Design and construction

Listed Building – Grade II
- Official name: Whitesmiths Arms public house
- Designated: 11 July 1983
- Reference no.: 1384515

= Whitesmiths Arms =

Pub in Wigan, Greater Manchester, England

The Whitesmiths Arms is a Grade II listed public house on Standishgate in Wigan, Greater Manchester, England. Believed to date from the late 17th century, it is the oldest surviving burgage‑plot building in Wigan and among the oldest properties in the town centre. It has long been recorded as a pub, appearing unnamed on early 20th‑century Ordnance Survey maps, and was included in the Dicconson conservation area in 1982 before being listed the following year. After a period operating as a tapas restaurant, the building underwent refurbishment and returned to pub use in 2024.

==History==
The building was probably constructed in the late 17th century as a house, according to its official listing, and was later enlarged and altered before eventually being converted into a public house. (Note: According to Wigan Council, it dates from 1600–1650.) It is the oldest surviving burgage‑plot building in Wigan, and among the oldest properties in the town centre. The 1908 and 1942 Ordnance Survey maps mark the building as a public house with no attributed name.

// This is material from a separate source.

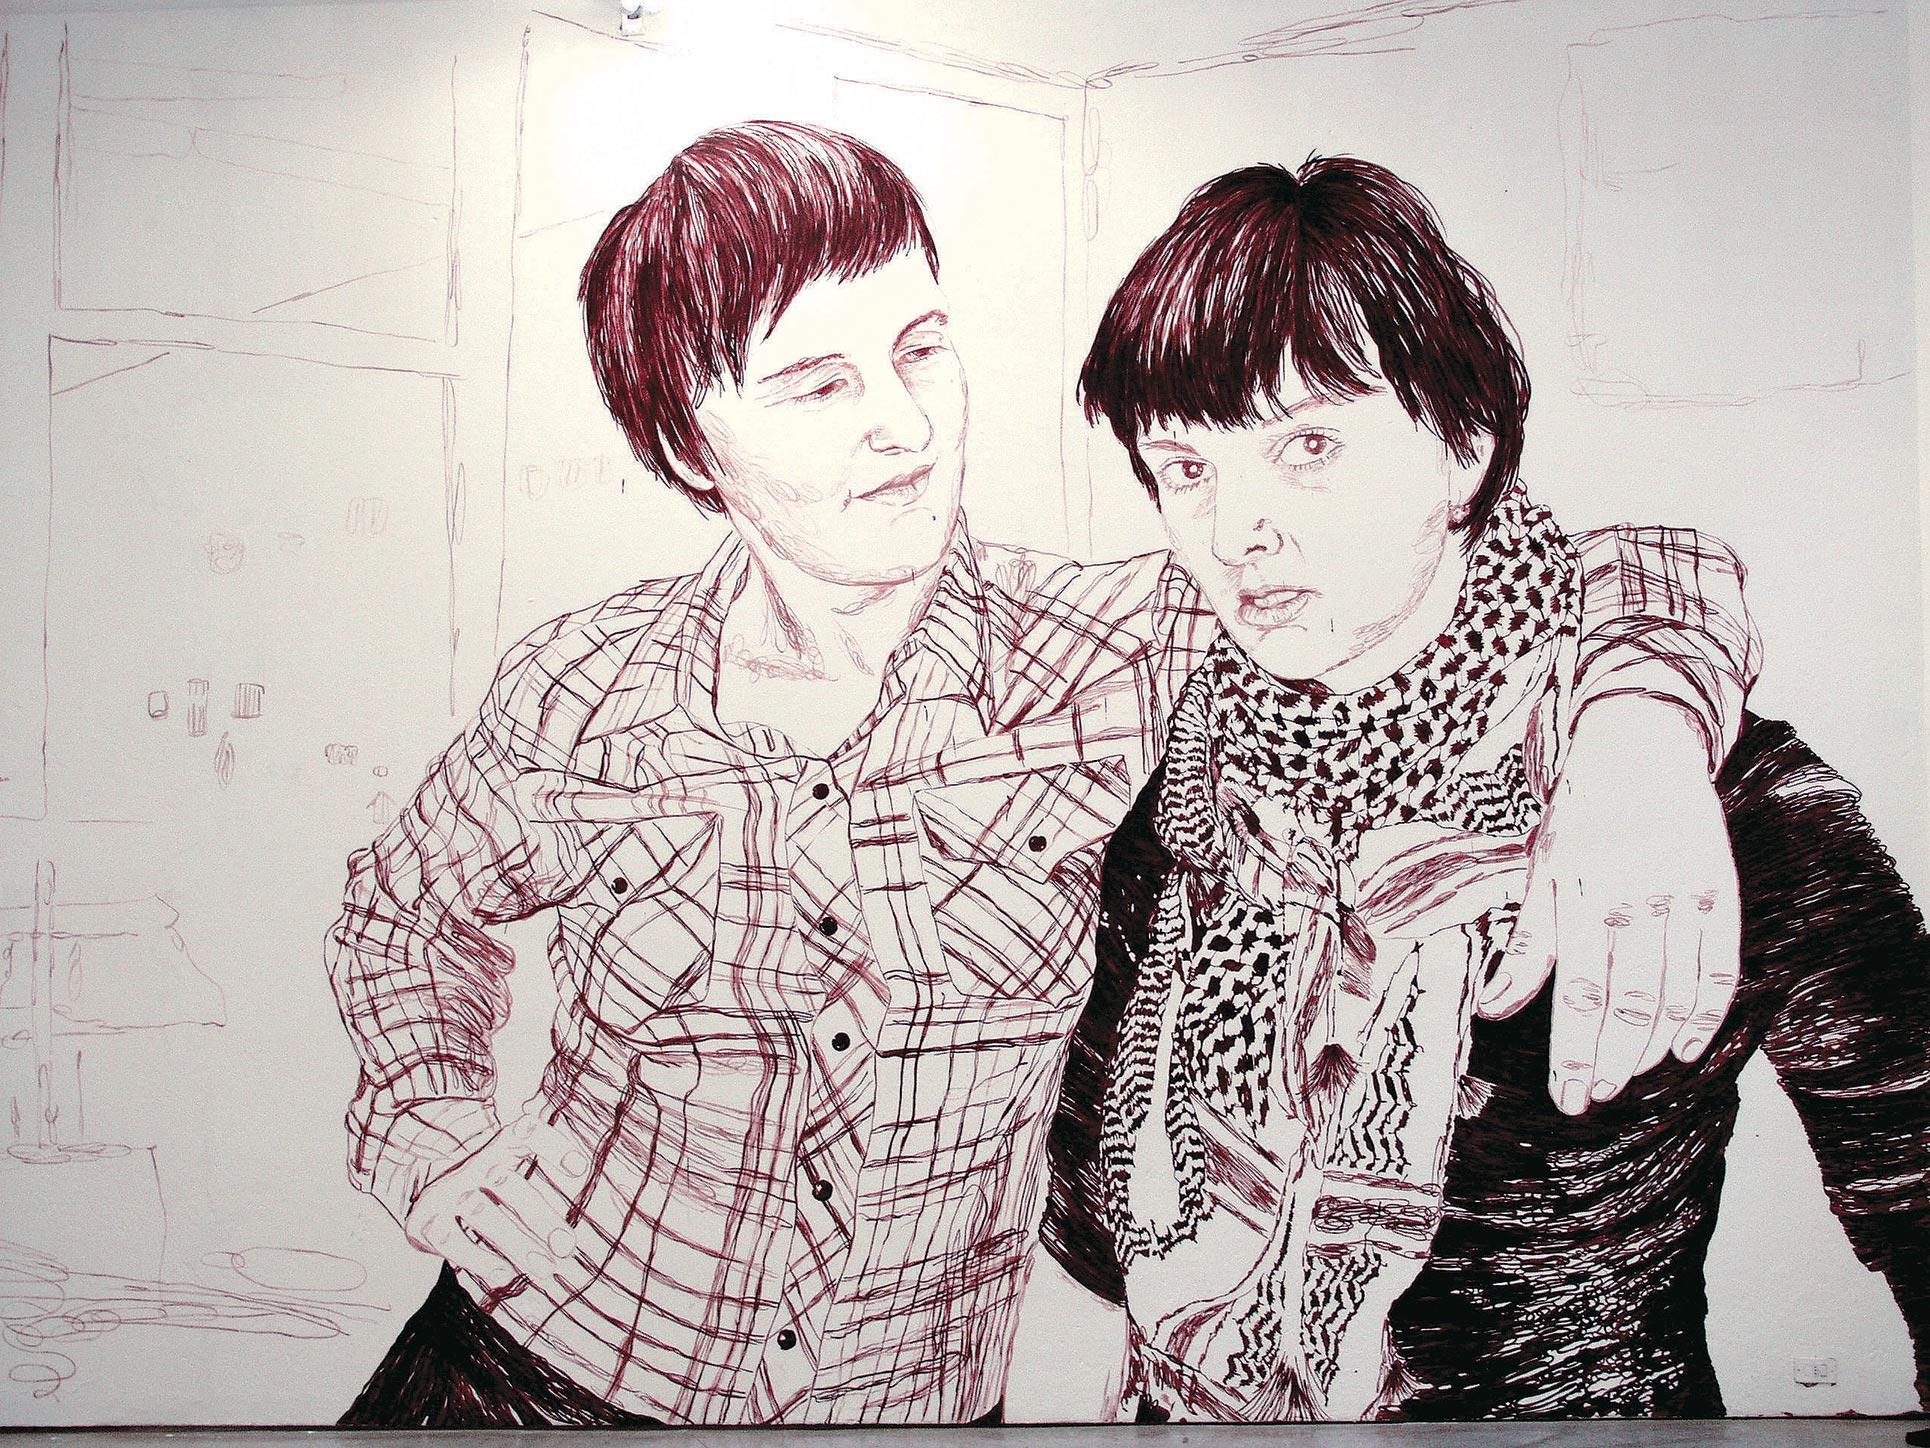 Claudia & Julia Müller, My big sister, 2005

In 1982 the site was included within the newly designated Dicconson conservation area, within which the Whitesmiths Arms is the oldest surviving building. On 11 July 1983, it was added to the National Heritage List for England as a Grade II listed structure.

For several years the building traded as a Spanish tapas restaurant called Casa Carlos, before the business moved to new premises on Hallgate in 2019. In September and October 2022, a planning application and accompanying listed building consent was submitted to Wigan Council to convert the first and second‑floor flats in the building into five self‑contained studio units while keeping the ground‑floor restaurant. Approval was granted in January 2023. A further listed building application was made in February 2024 for internal refurbishment and updates to the dining and bar areas, together with improvements to the outdoor spaces and lighting. This was approved in June 2024. Following these works, the premises returned to pub use and reopened as the Whitesmiths Arms later that month.

==Architecture==
The building is constructed of handmade brick, with the front and left side covered in scored render. It has a slate roof and brick chimney stacks, and is now a double‑depth structure with extensions at the rear.

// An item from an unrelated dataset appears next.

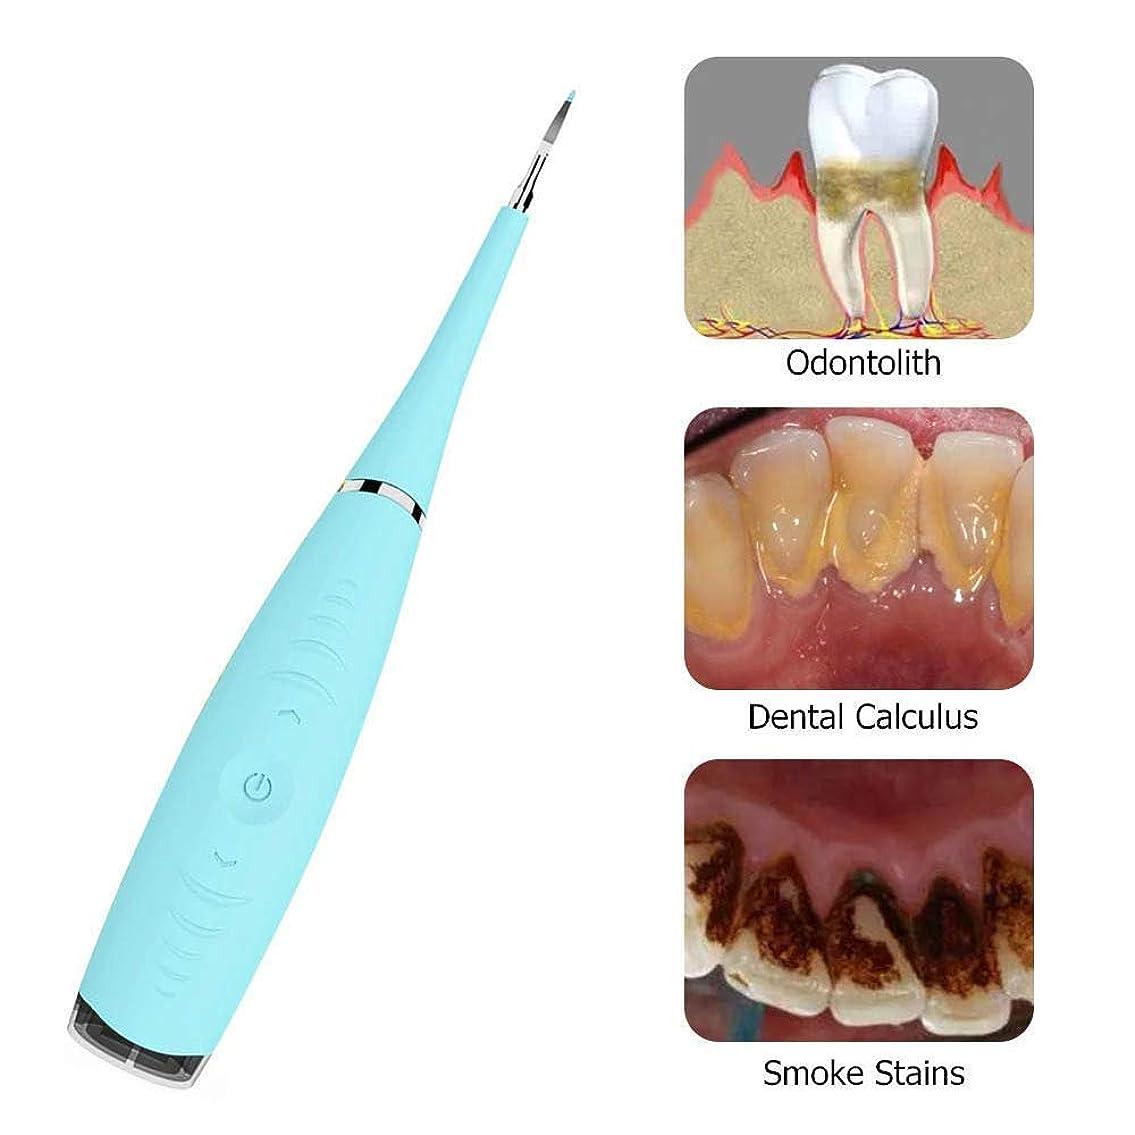 ブランデー東方連想電気歯科微積分除去スクレーパープラーク歯石歯石除去歯のクリーニングツール、Uspによって供給Ipx6防水水フロス歯のクリーナー,Blue

It has two and a half storeys, with four windows on the first floor and three attic gables. Shallow horizontal bands run above the ground and first floors; the lower one now supports a full‑width 20th‑century fascia. On the ground floor, the left side has a doorway and two cross‑shaped windows, while the right side has a doorway between two matching windows. All of these have 20th‑century leaded glass. The first floor has three similar windows, and the attic gables contain four‑pane sash windows. All windows have shaped sills and surrounds. There is a chimney along the ridge and another on the right‑hand gable.

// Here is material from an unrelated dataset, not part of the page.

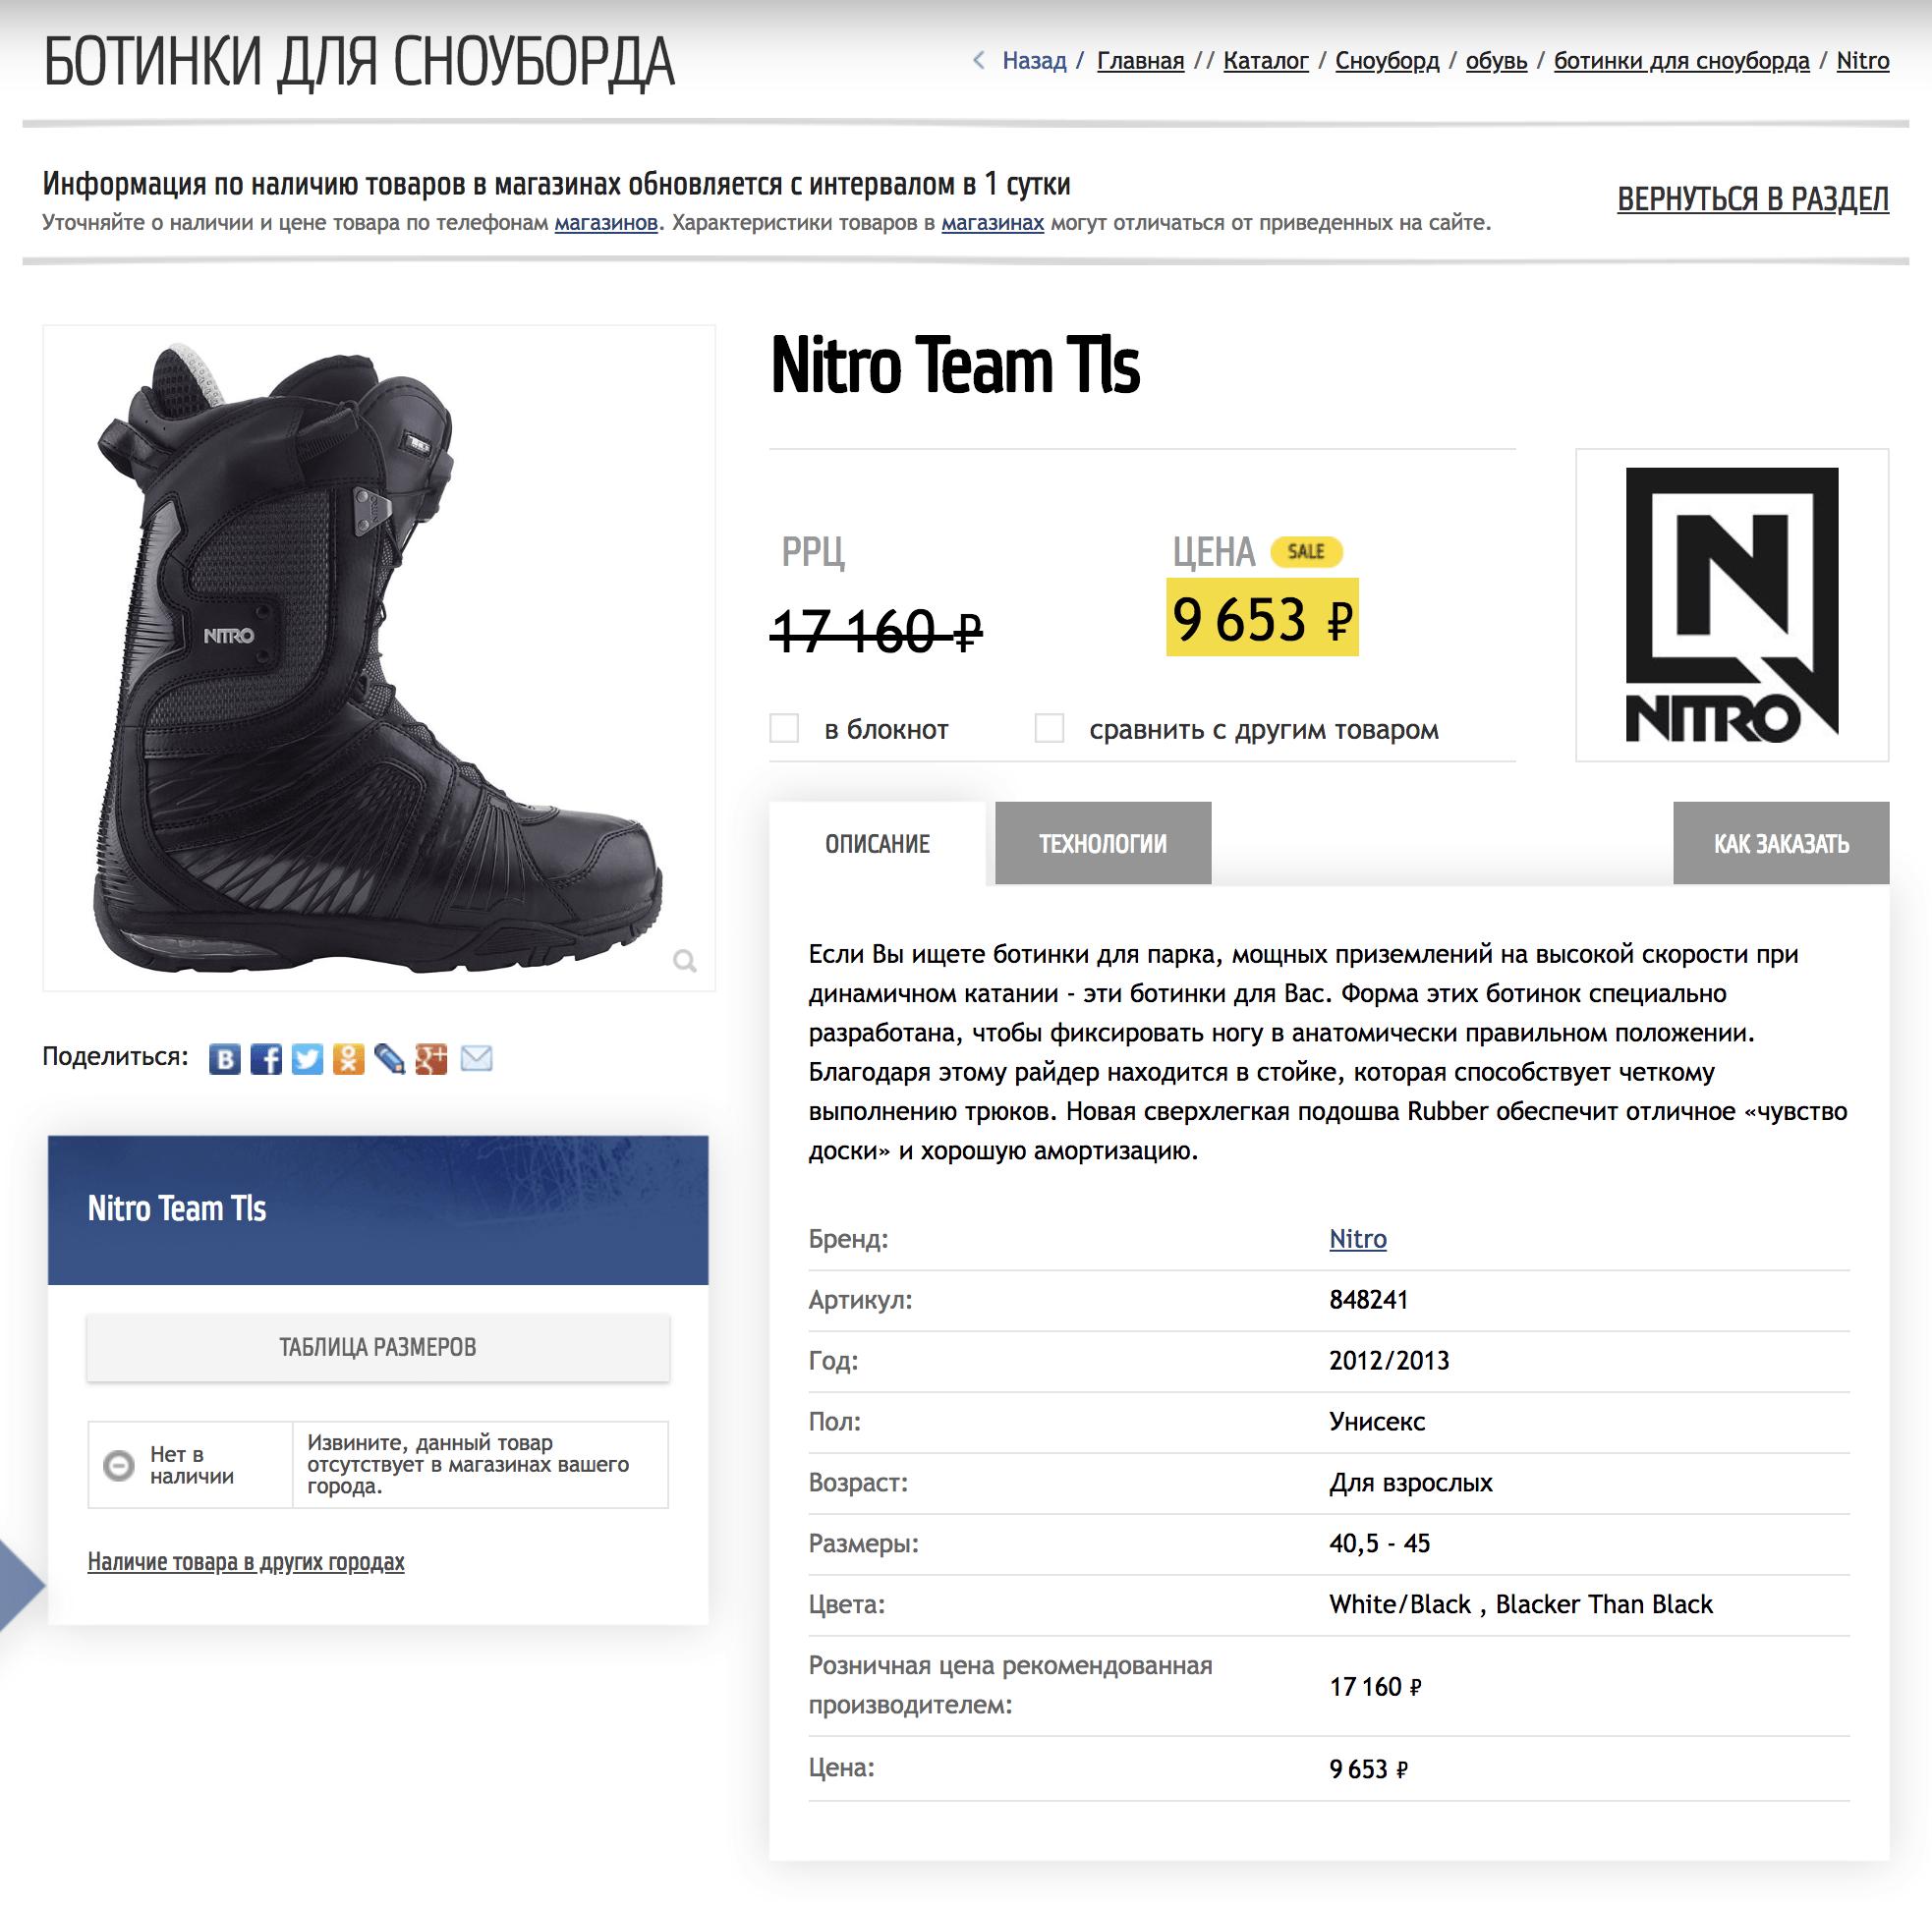 Новые ботинки той же фирмы в интернет-магазине за 9653<span class=ruble>Р</span>. Источник: Триал-спорт

The right side wall has a small blocked window with a curved top near the front corner, and three two‑light casement windows: one high up near the front, one at first‑floor level towards the back with a brick head above it, and another in the rear extension.

===Interior===
Inside, there is a dog-leg staircase dating from around 1700 that rises from the ground floor to the attic. It has a closed side, square posts, turned balusters and a wide shaped handrail. A small lobby at its base is formed by an early wattle and daub partition. The bar is in an Art Nouveau style with mosaic detailing and was originally installed in Glasgow.

In the attic, an upper‑cruck roof truss stands about 2 m from the west gable, with small supporting pieces that carry the lower of two original sets of purlins. On the ground floor, some beams are boxed in and may hide earlier structural timbers.